I occasionally pull strings to get access when I’m writing a feature (not a review) on short notice, such as at Tetsu last fall. But I most often brave the real world.

No tables for four were open before 9:30 p.m. for weeks ahead at Cote, a hot-button, concrete-shell Korean steakhouse louder than the Columbus Circle IRT station when four trains roar through at once.

The Lobster Club on East 53rd Street, like other Major Food Group places such as Carbone and Dirty French, has a phone number — but it’s useless. A woman’s snooty, recorded British accent advises that we’ve reached the “corporate offices” and directs us to email lobsterclub.com.

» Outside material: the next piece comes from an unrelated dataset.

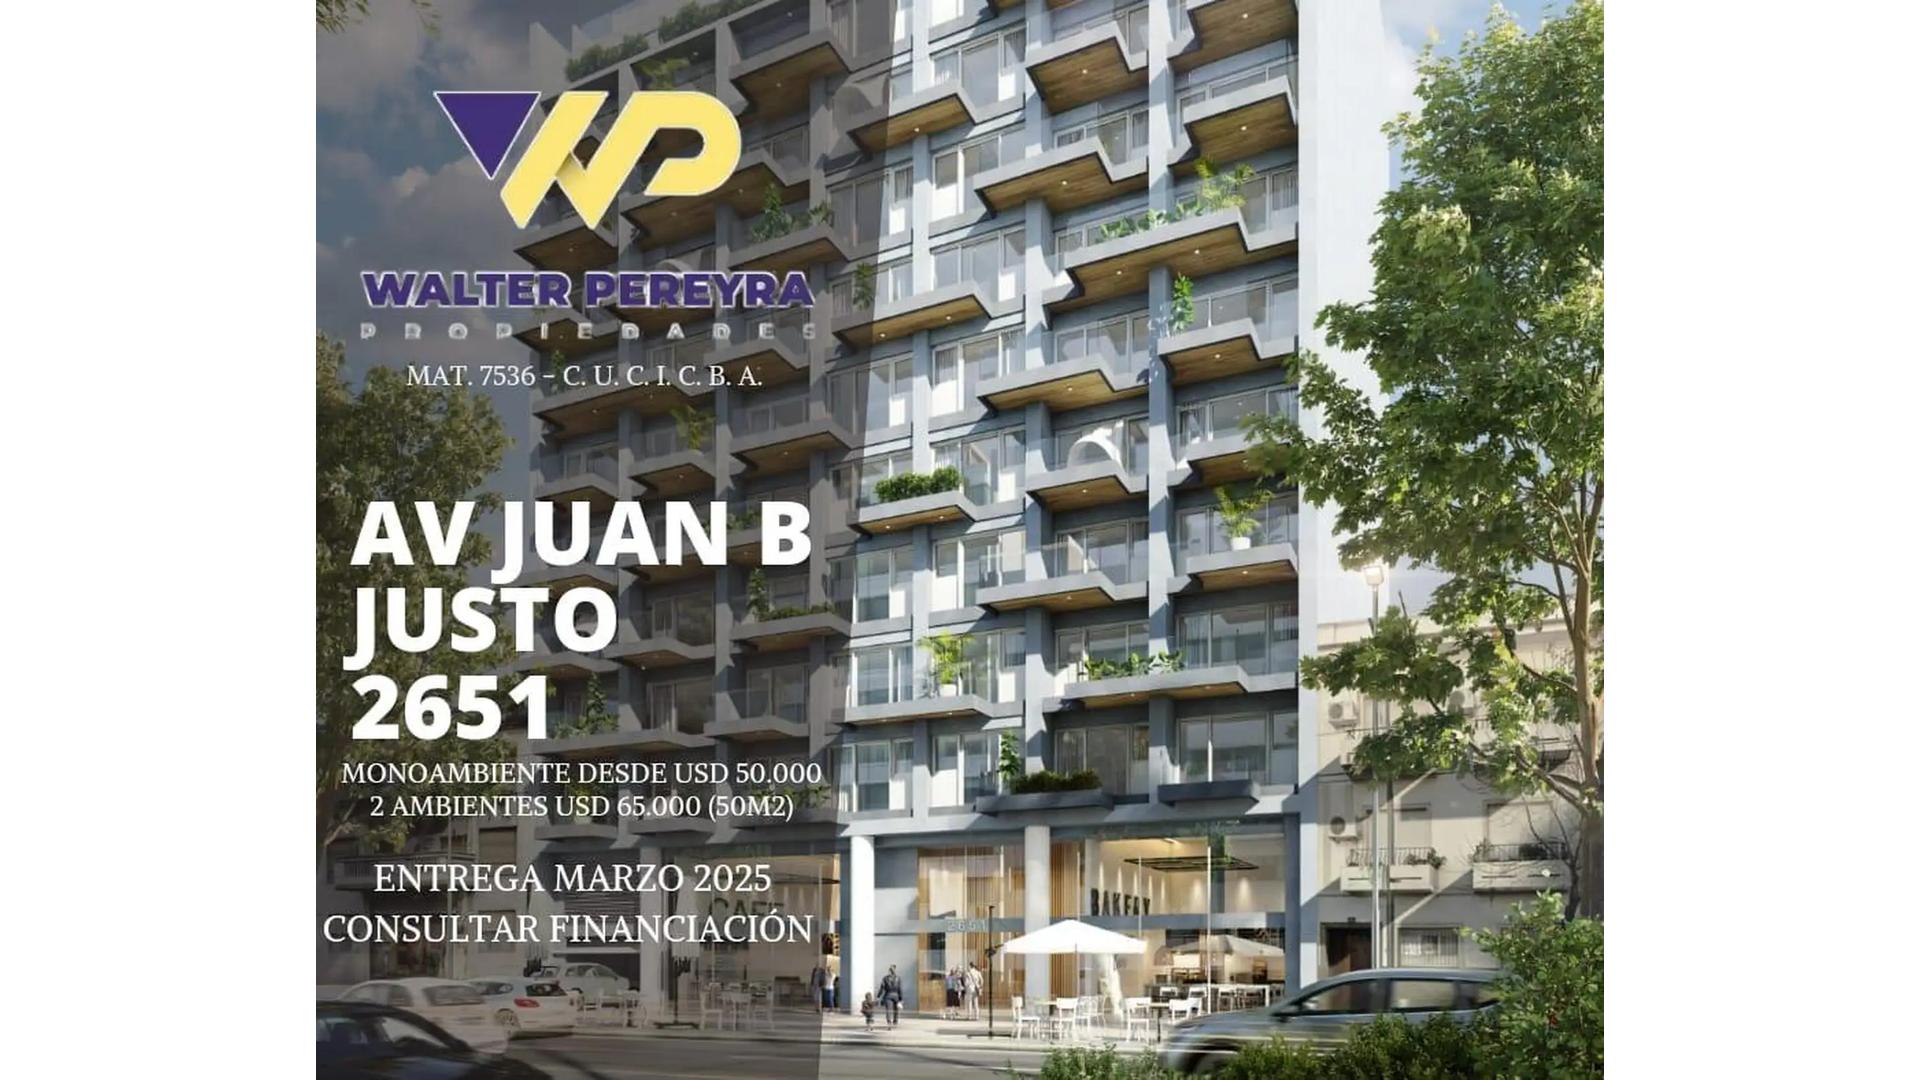 #5147120 | Sale | Apartment | Villa Crespo (Walter Pereyra propiedades)
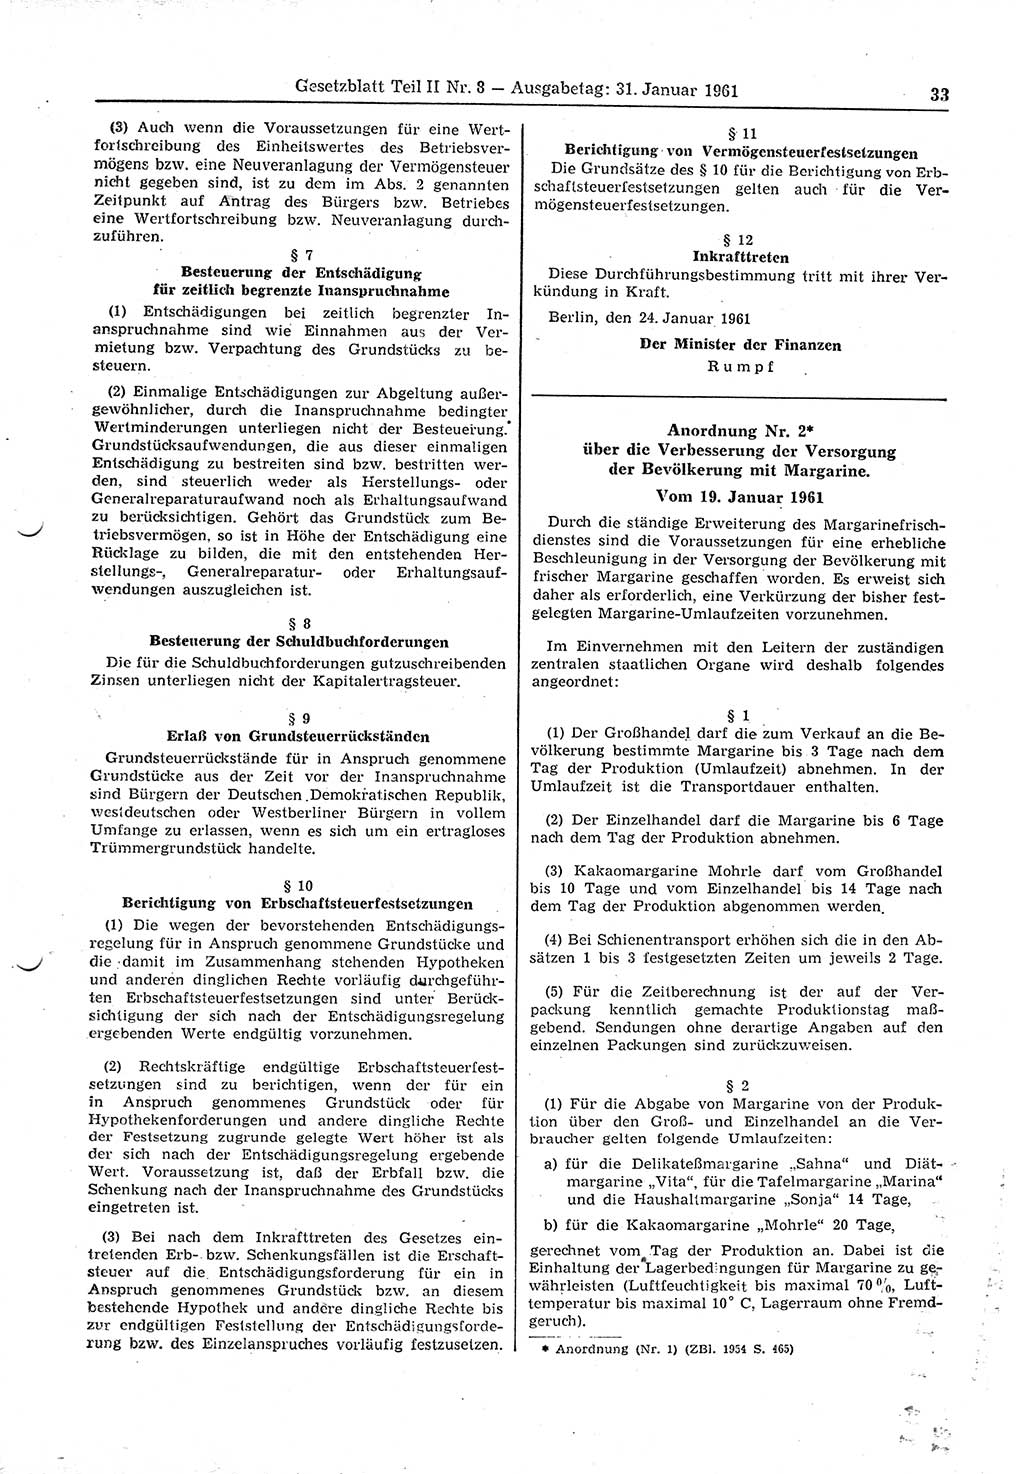 Gesetzblatt (GBl.) der Deutschen Demokratischen Republik (DDR) Teil ⅠⅠ 1961, Seite 33 (GBl. DDR ⅠⅠ 1961, S. 33)

As gentrification swept the island, legions of better-off people who live to boast of their dining adventures replaced poorer residents

The outcome? Nothing available before 10:15 p.m. on the night I requested. The site displays no calendar to tell us which nights are sold out, so every time a request bounces back you must start over. If you by some chance succeed, you must give them a credit card number.

Gem, teen chef Flynn McGarry’s bistro at 116 Forsyth St., ups the obnoxious ante by requiring not merely a credit card number to hold the table but full prepayment of $155 a head — which doesn’t include liquor that’s tagged on later.

Heightened culinary awareness is partly to blame. The Food Network made cooking a spectator sport and elevated chefs to rock-star fame.

Another factor is that more affluent customers are chasing a finite number of seats. According to the US Census, Manhattan grew by more than 150,000 residents since 1990 to a projected 1.68 million in 2020. But that doesn’t begin to tell the story. As gentrification swept the island, legions of better-off people who live to boast of their dining adventures replaced poorer residents.

So lots of luck beating your friends to Legacy Records — or any place where getting there first matters more than going home happy.